Charles Tyrwhitt, a UK-based menswear retailer, changed its tactics after it switched to elastic waists and joggers. The company is well-known for making shirts, suits, and ties but was not able to sell its stock as fast as it wanted due to long lead times.

Although it took some time for the company to have enough casual loungewear, the product range is “flying off of the shelves” according Nick Wheeler. He founded the business 35 years ago as a mail-order retailer.

Wheeler said that the Covid-19 crisis caused the company to reflect on the increasing popularity of casual wear overnight.

It was clear that the business had to provide casual wear for its customers, rather than formal wear at 80 percent. The founder stated that the clothing had to be “fit for purpose” and offered a variety of clothes people wanted to wear.

He said, “Pretty fast it became apparent that what had been an overall trend for the past 10 years would become — at the least in the near term — a significantly increased trend.” We’d been slow to catch up with this trend for the past 20 years. “We’d become somewhat lazy.”

Charles Tyrwhitt ordered casual shirts, sweaters and formalwear but due to delays from global suppliers Charles Tyrwhitt received containers full of suits in June and July. This was four months after customers started working remotely.

He said, “Whatever happens men will always wear clothing, I hope.” We’re currently running 50/50 formal/casual, which I believe is a good ratio. This balance can be especially important if you have to go back 3 days per week. People will feel more at ease when they work.

As he appeals to diners for premium fish, a door-to-door seller makes a lot of sales

Sarah Provan, London

Andy Knapton sells fish from Grimsby to residents in south Cambridgeshire for over two decades. But he claims he’s never experienced such demand like the last 12 months. (c) Sarah Provan/FT

Andy Knapton, who has been selling fish out of his van in Cambridgeshire since the early 20th century, has not seen such demand for his produce from Grimsby. This trend has forced him to shift his business towards retail customers for the last 12 months.

Knapton has seen his sales rise over the last year due to Brexit and pandemics. More people have answered Knapton’s call, while domestic demand for fish and other produce has increased.

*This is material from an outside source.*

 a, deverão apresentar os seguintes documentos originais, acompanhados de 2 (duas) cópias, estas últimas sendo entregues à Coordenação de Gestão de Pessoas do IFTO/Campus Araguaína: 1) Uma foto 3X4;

However, sales to wholesale customers like restaurants and bars plummeted during Covid-19 lockdowns.

Knapton’s sales have increased steadily since 1992 when he started trading. But, last year was a record-breaking year for demand and sales rose 50%.

He said, “I don’t have the time to grow my wholesale clients.” It takes so long to service them because margins are tight. Retail customers alone are sufficient, plus it is much more profitable financially.

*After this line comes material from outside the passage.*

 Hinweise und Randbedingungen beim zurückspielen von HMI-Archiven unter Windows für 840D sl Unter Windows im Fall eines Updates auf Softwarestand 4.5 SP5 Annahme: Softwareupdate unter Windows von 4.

Knapton has seen his sales rise by almost half since November 2020. His gross profit is up 55% and he’s served approximately 53 percent more homes in the last 12 months, as clients spend more time in their kitchen.

This is a significant increase in his work hours, which has increased to 70 hours per semaine over the last 12 months, compared with 55 hours before March 2013.

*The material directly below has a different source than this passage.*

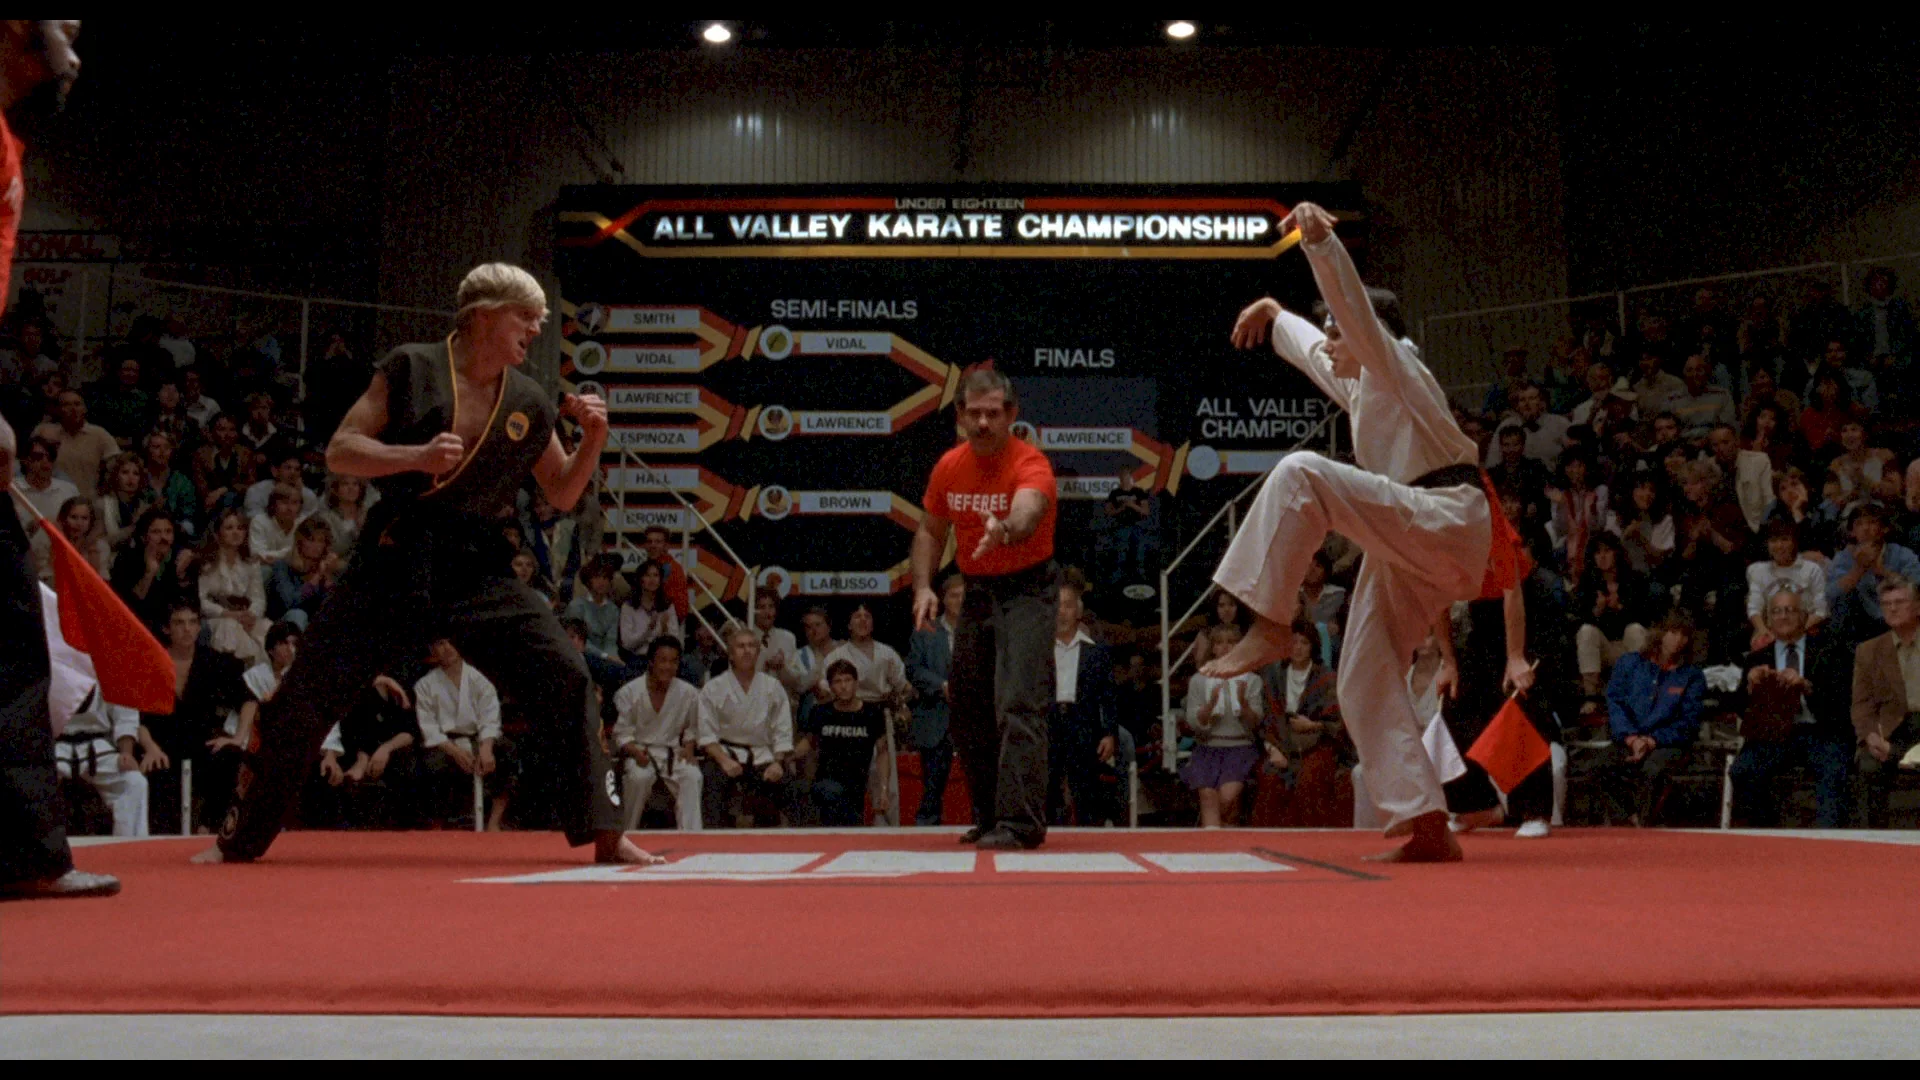 Photo du film : Karate kid, le moment de vérité

One-fifth (or less) of his wholesale sales were made in pre-pandemic years. Coronavirus-induced lockdowns have caused this to drop as low as 1%.

Not only has the shift from wholesale to retailers been a result of the pandemic. The Covid-19 hygiene requirements compelled the Director of AK Fisheries, to use a credit card reader instead of relying on cash, cheques or online payments. This tweak has helped his business generate more sales and eased payment.

He said that he resisted the idea for so many reasons, including high charges. But Covid made it possible to move from cash and checks to contactless payment. It has been beneficial for my business.”